Task: Print the data exactly. Pictures stay out.

------ Raw data ------

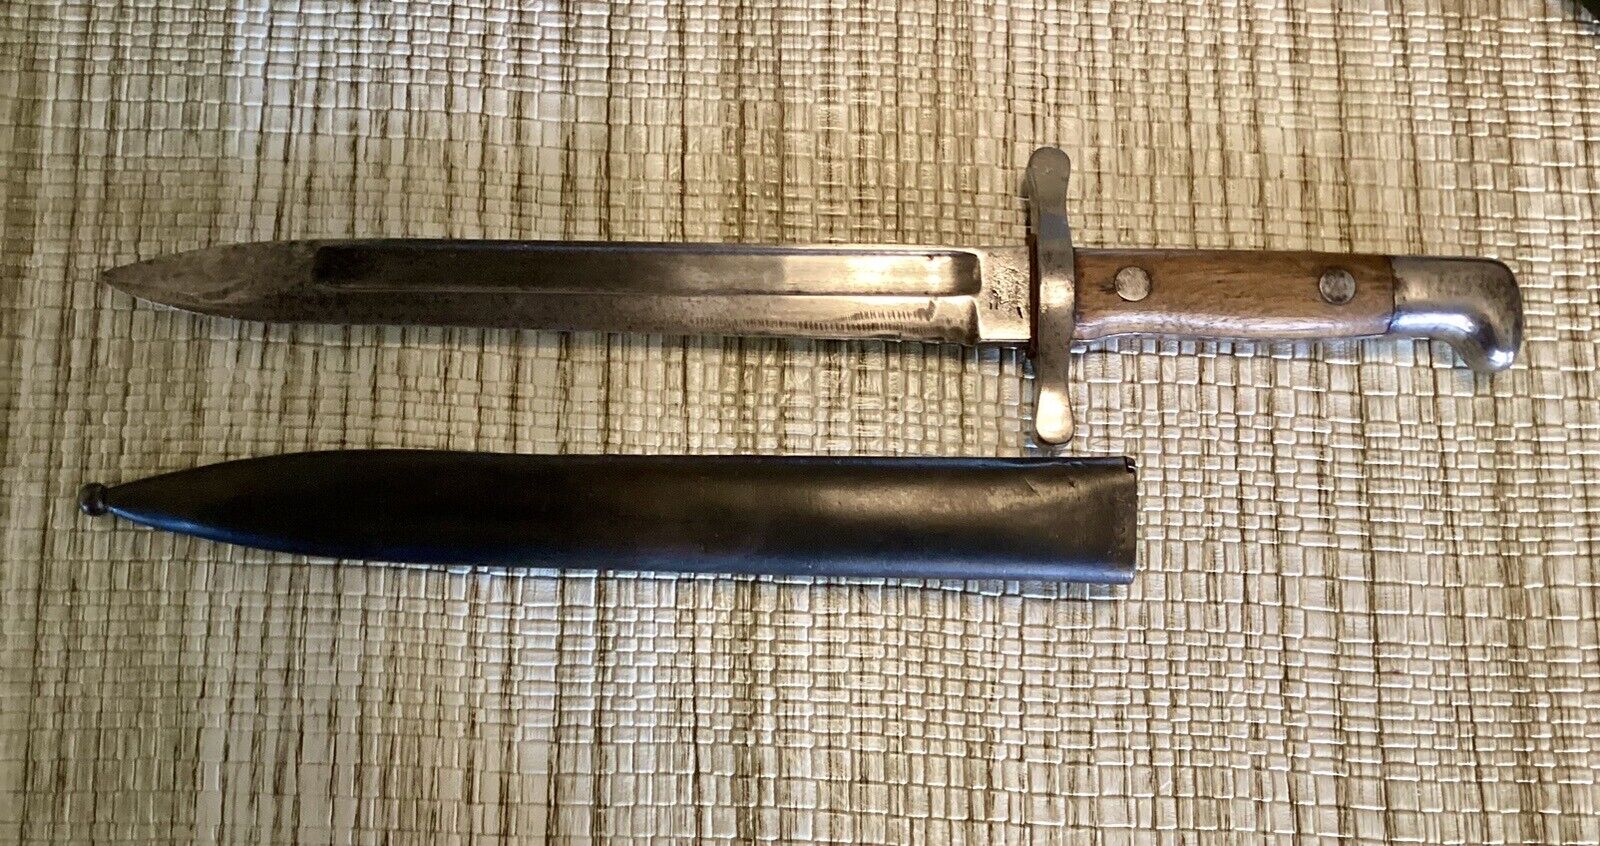 RARE WWI FRENCH ARMY TRENCH KNIFE, MADE BY FRENCH KNIFE MAKER BOURGADE.
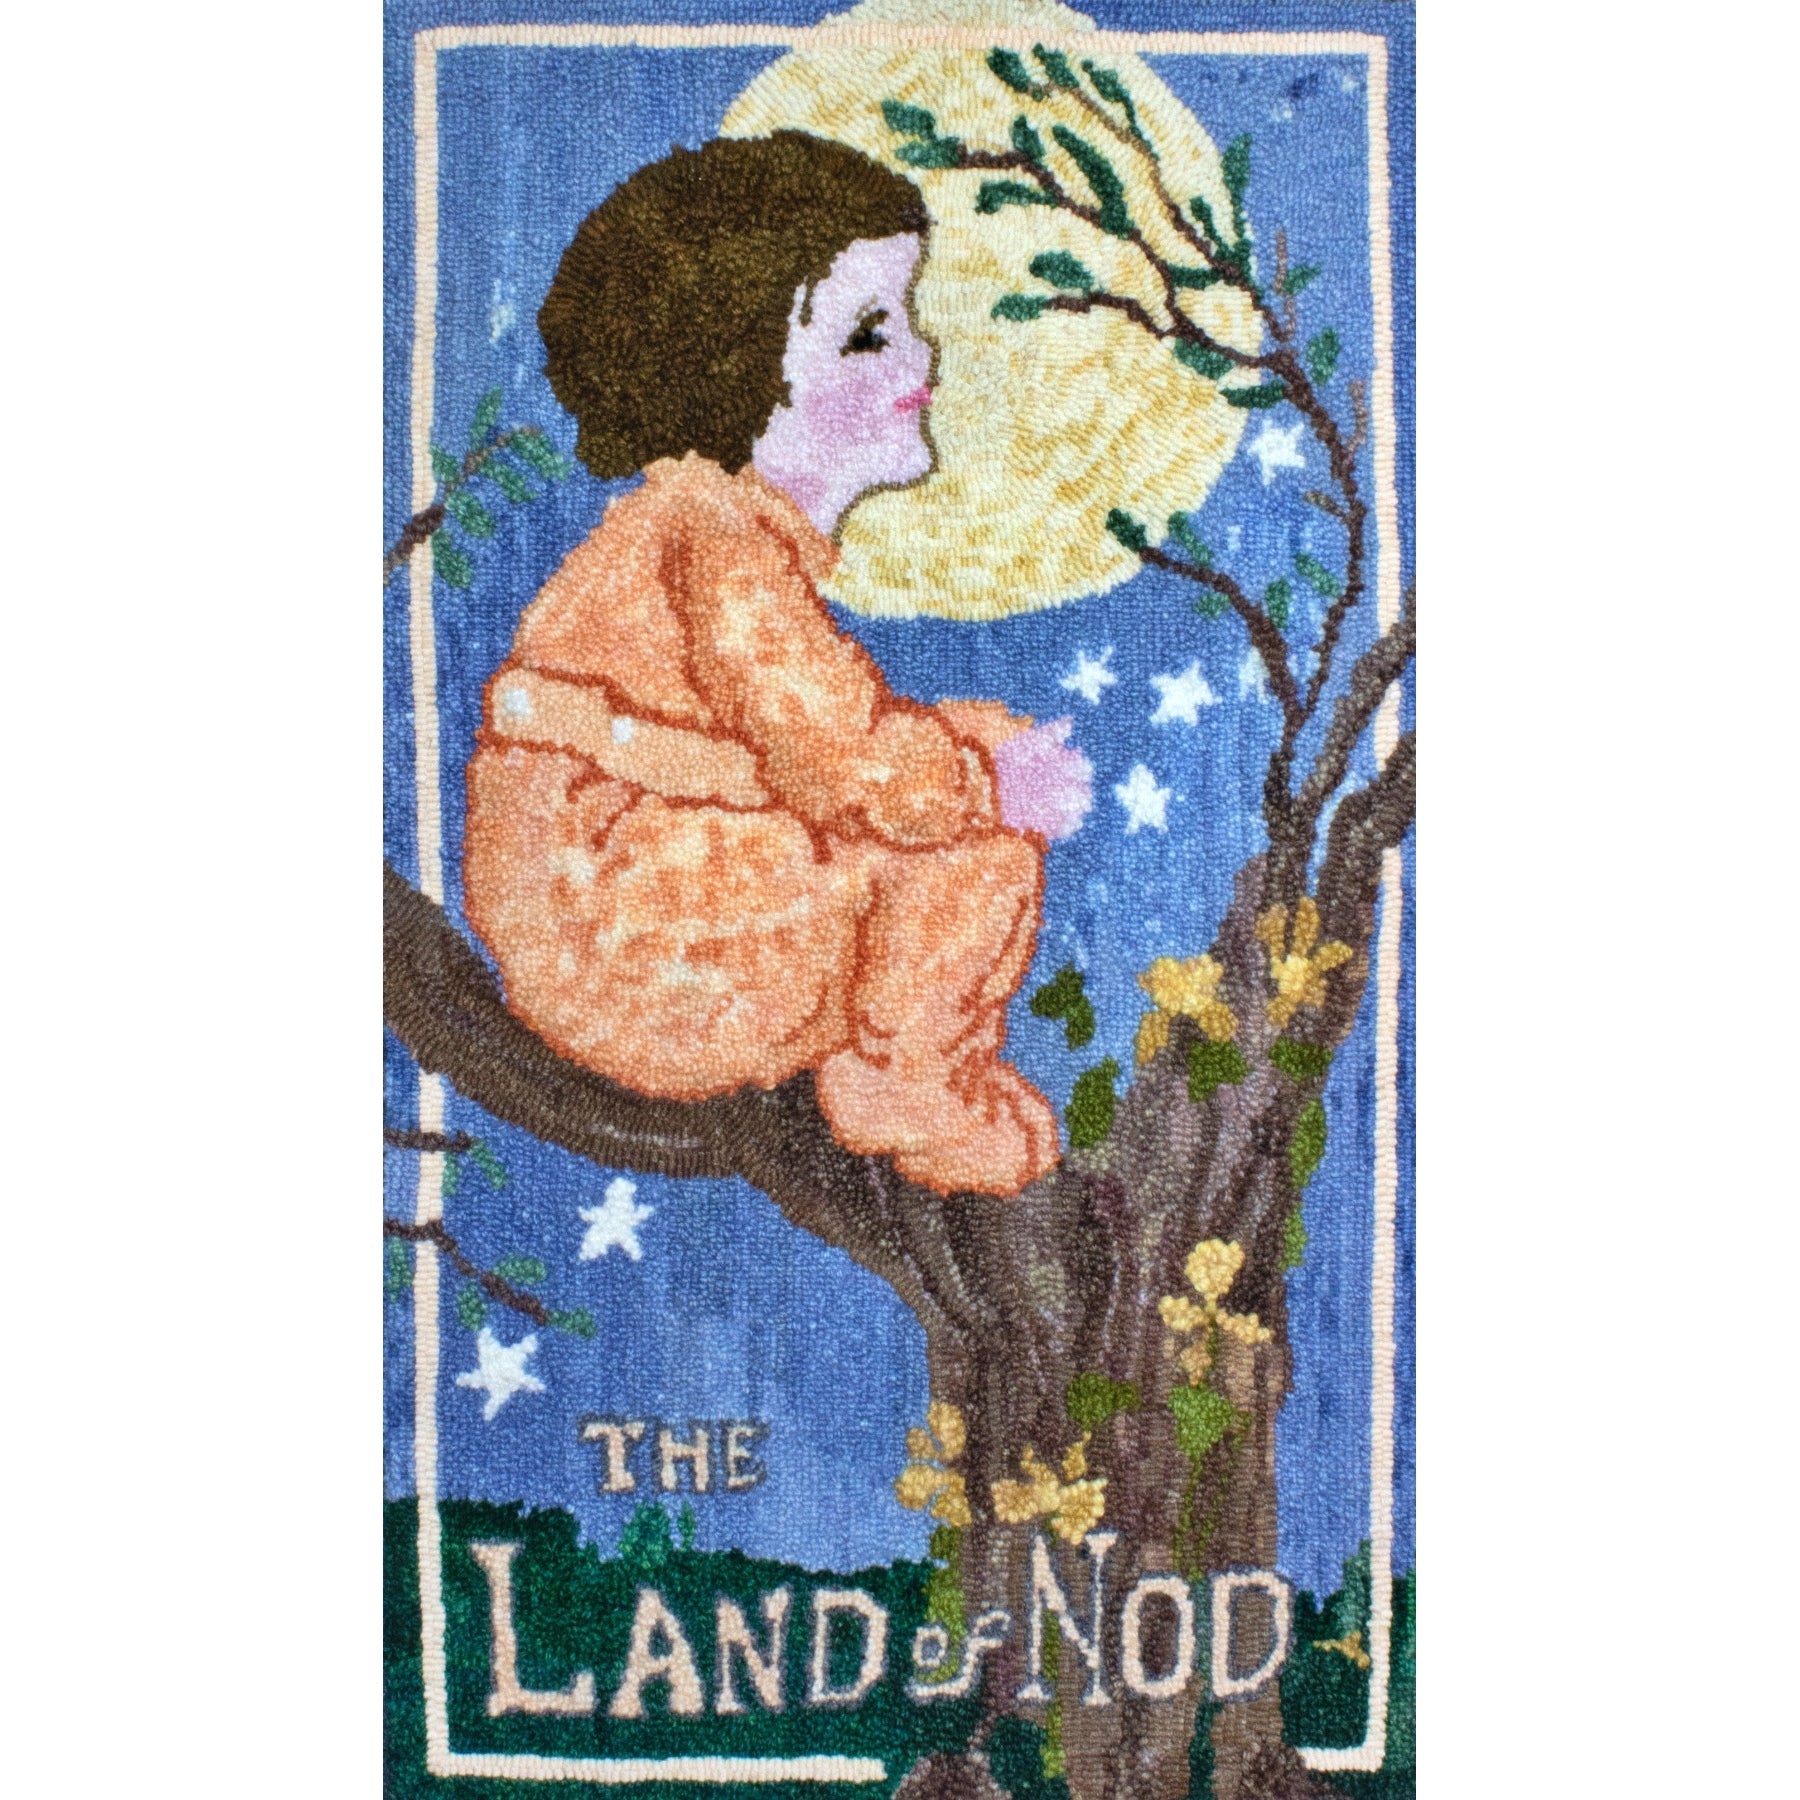 Land of Nod, rug hooked by Catherine Vance
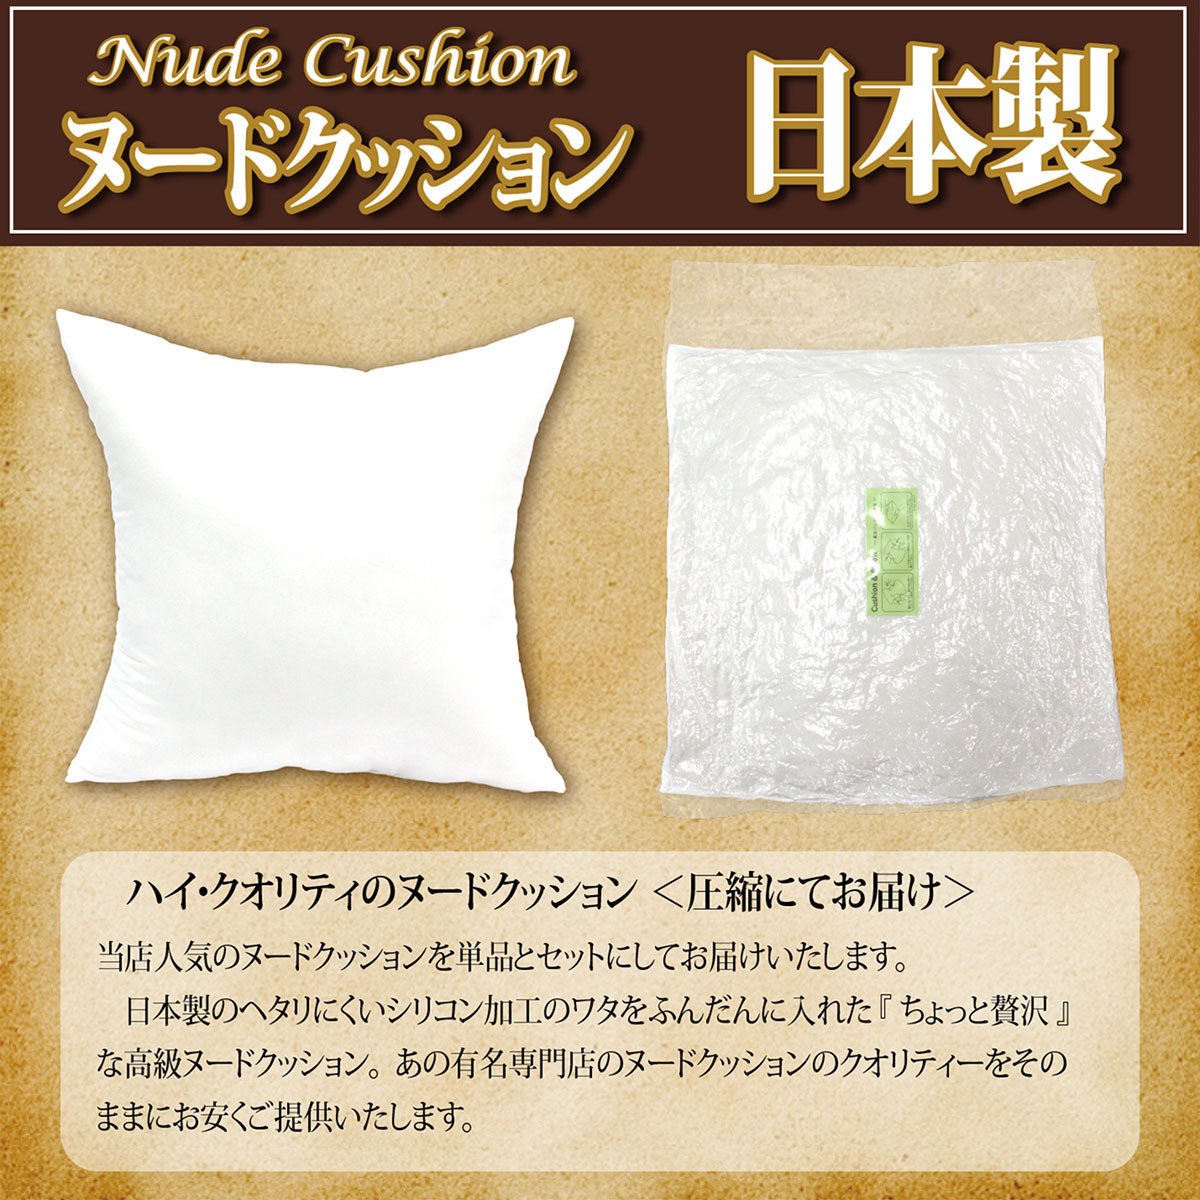  nude cushion 2 piece set square 60×60cm made in Japan cushion contents small of the back cushion cushion BODY pillowcase ... pillow pillow free shipping

------

Result of this task:
 RARE WWI FRENCH ARMY TRENCH KNIFE, MADE BY FRENCH KNIFE MAKER BOURGADE.
 Land of Nod, rug hooked by Catherine Vance
  nude cushion 2 piece set square 60×60cm made in Japan cushion contents small of the back cushion cushion BODY pillowcase ... pillow pillow free shipping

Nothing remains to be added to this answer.